Please set down the lines of the listing exactly, from its first line to the line with "Den Fantastiska Spindelmannen", leaving the pictures out.

[Data — start]

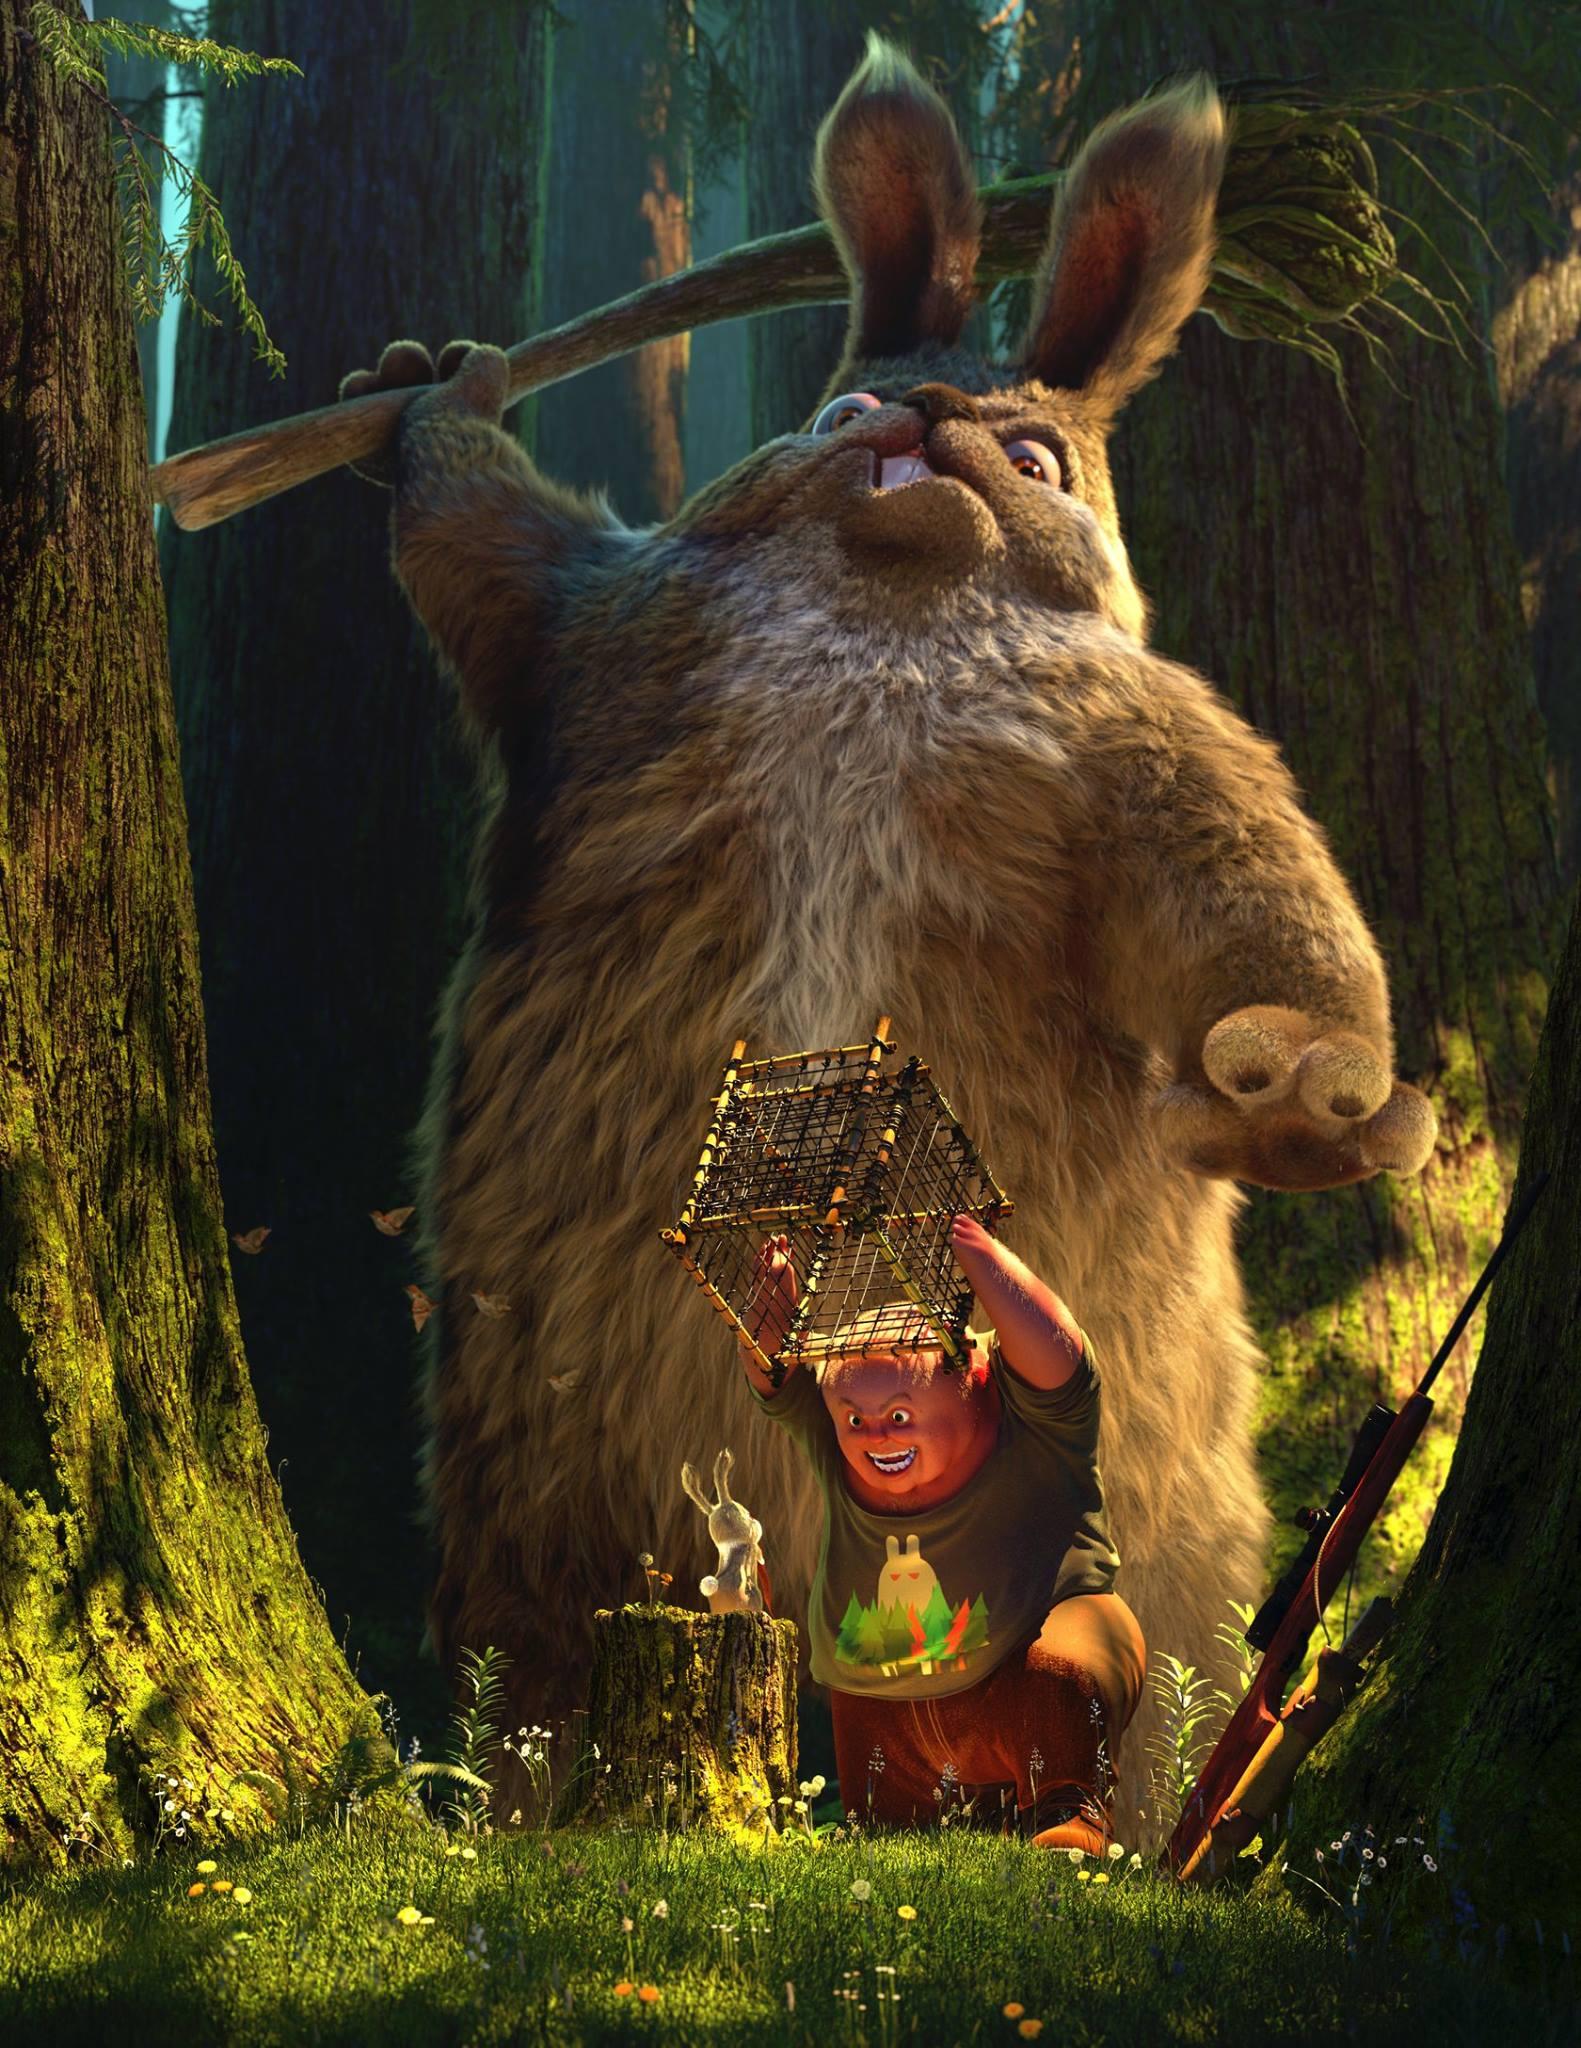 3d-maya-yeti-arnold-zbrush-mari-forest-of-bunnies-dong-liang
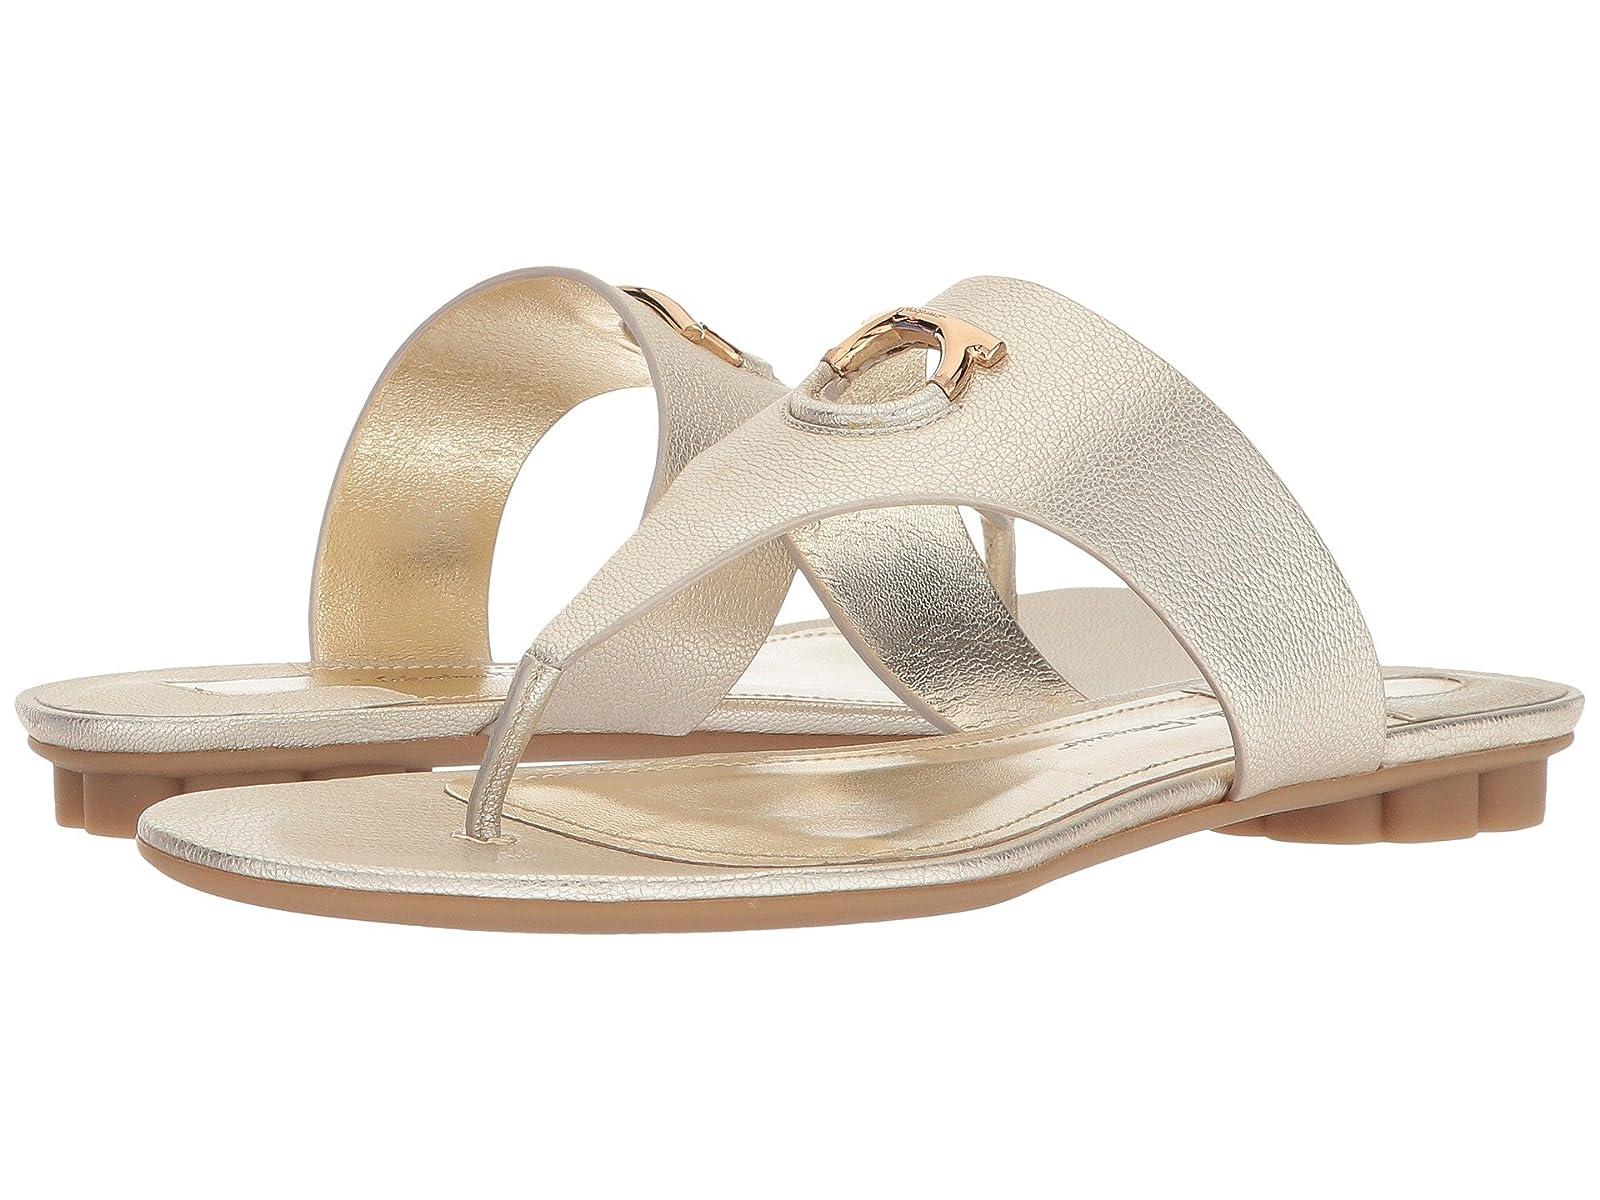 Salvatore Ferragamo EnfolaCheap and distinctive eye-catching shoes
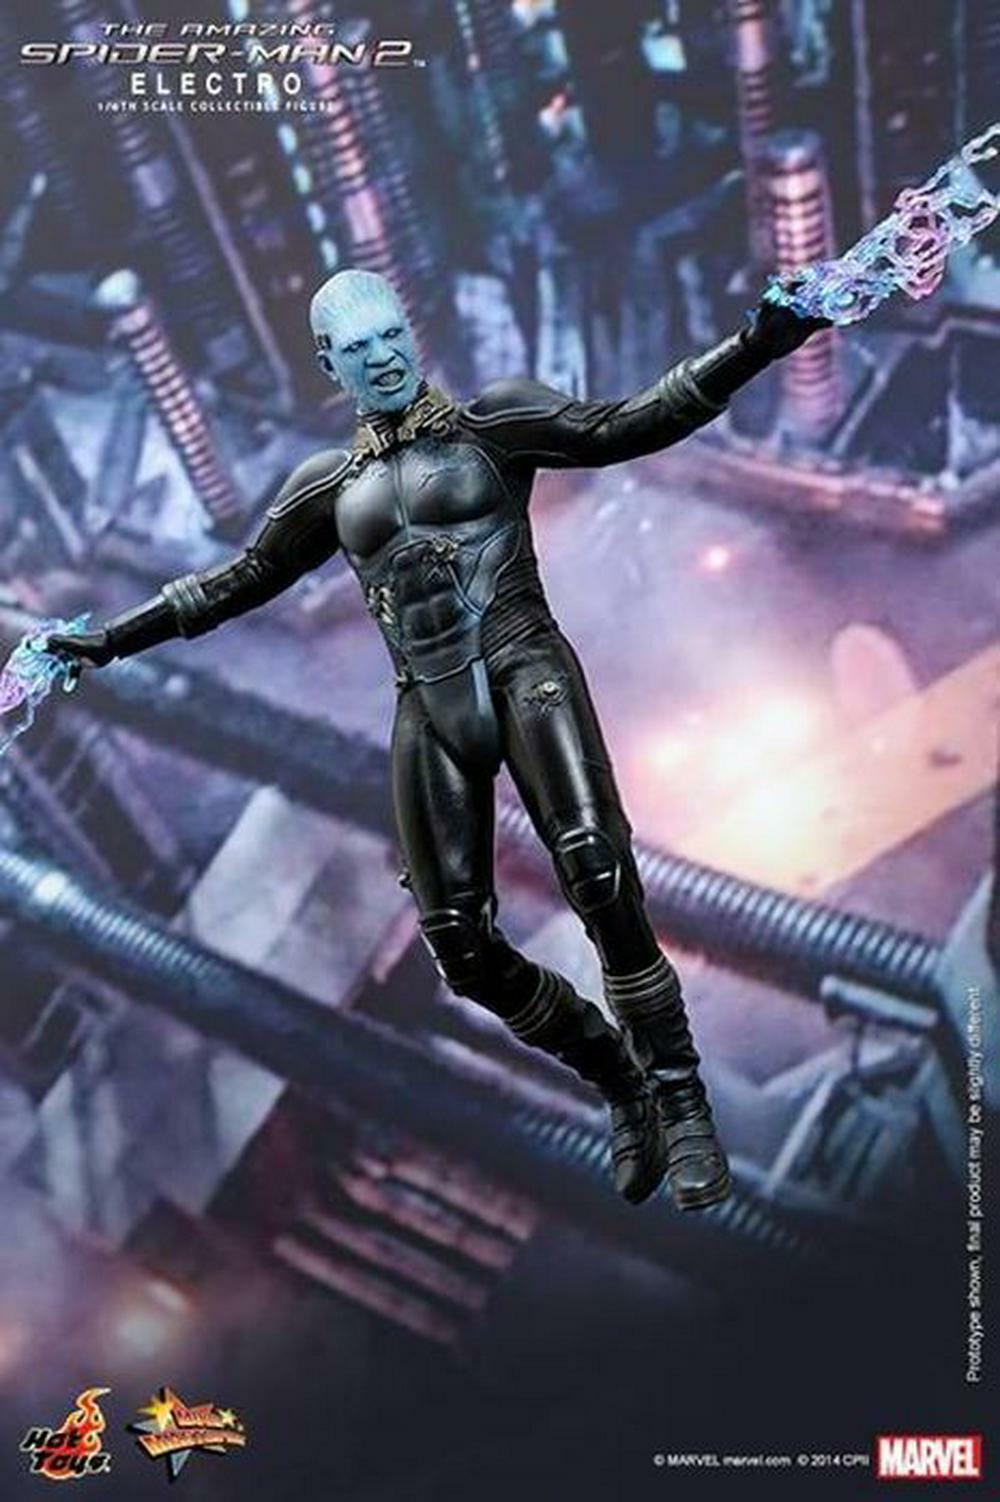 Den Fantastiska Spindelmannen 2 - Electro 1 6 skala Figur -- heta leksaker fri Shipping
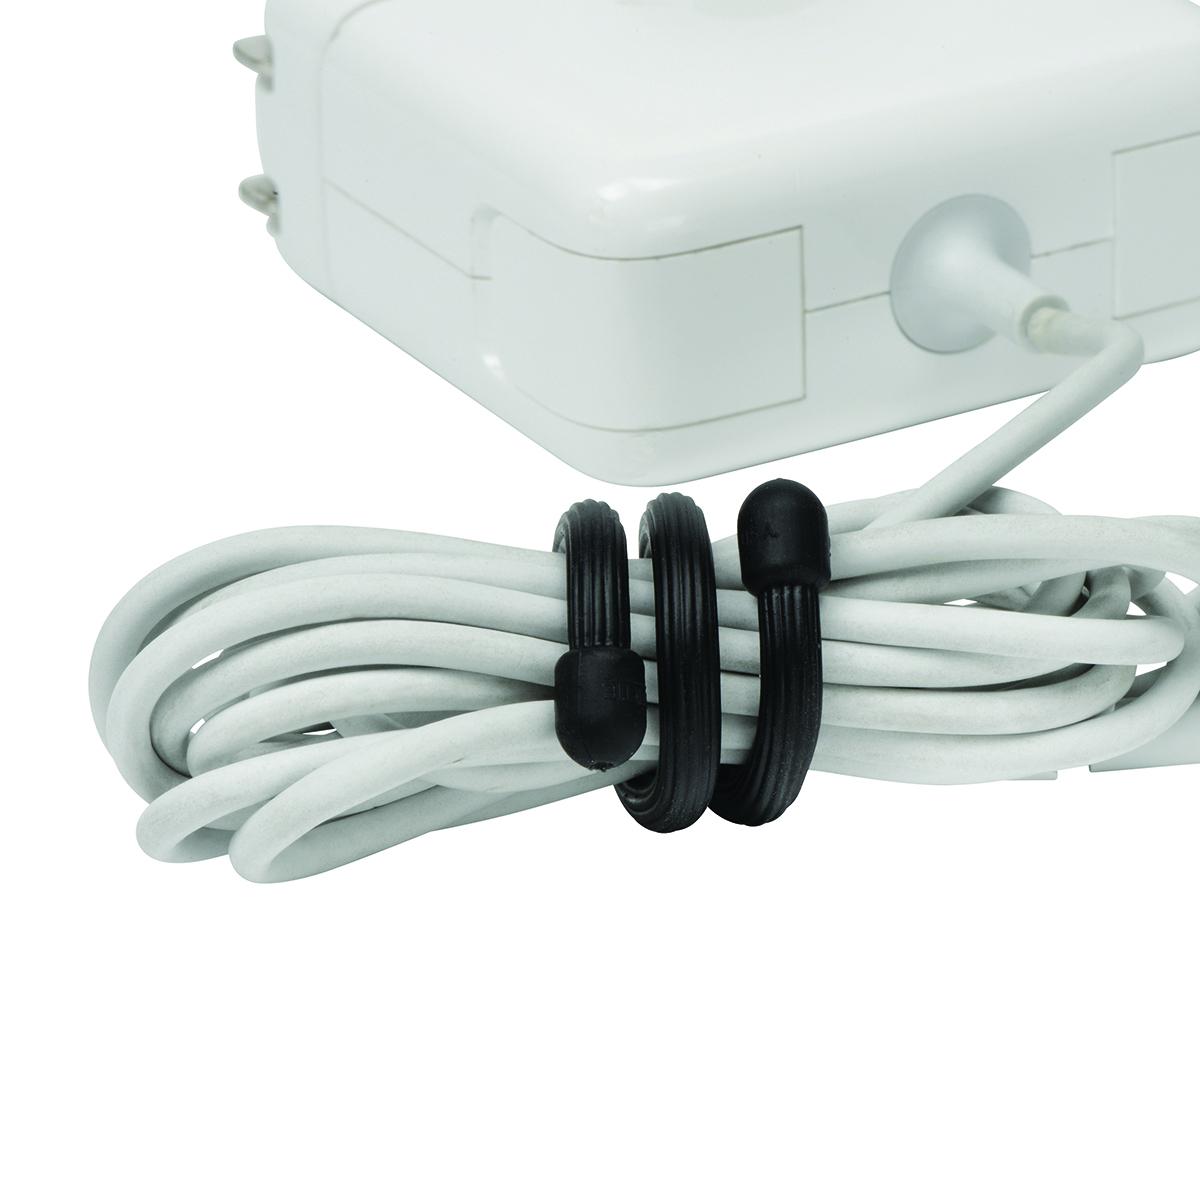 24-Inch Nite Ize Gear Tie Reusable Rubber Twist Tie 2-pack GT24-2PK-28 Forest Green

[Data — finish]

▸ Finished task
 3d-maya-yeti-arnold-zbrush-mari-forest-of-bunnies-dong-liang
 Salvatore Ferragamo EnfolaCheap and distinctive eye-catching shoes
 Den Fantastiska Spindelmannen 2 - Electro 1 6 skala Figur -- heta leksaker fri Shipping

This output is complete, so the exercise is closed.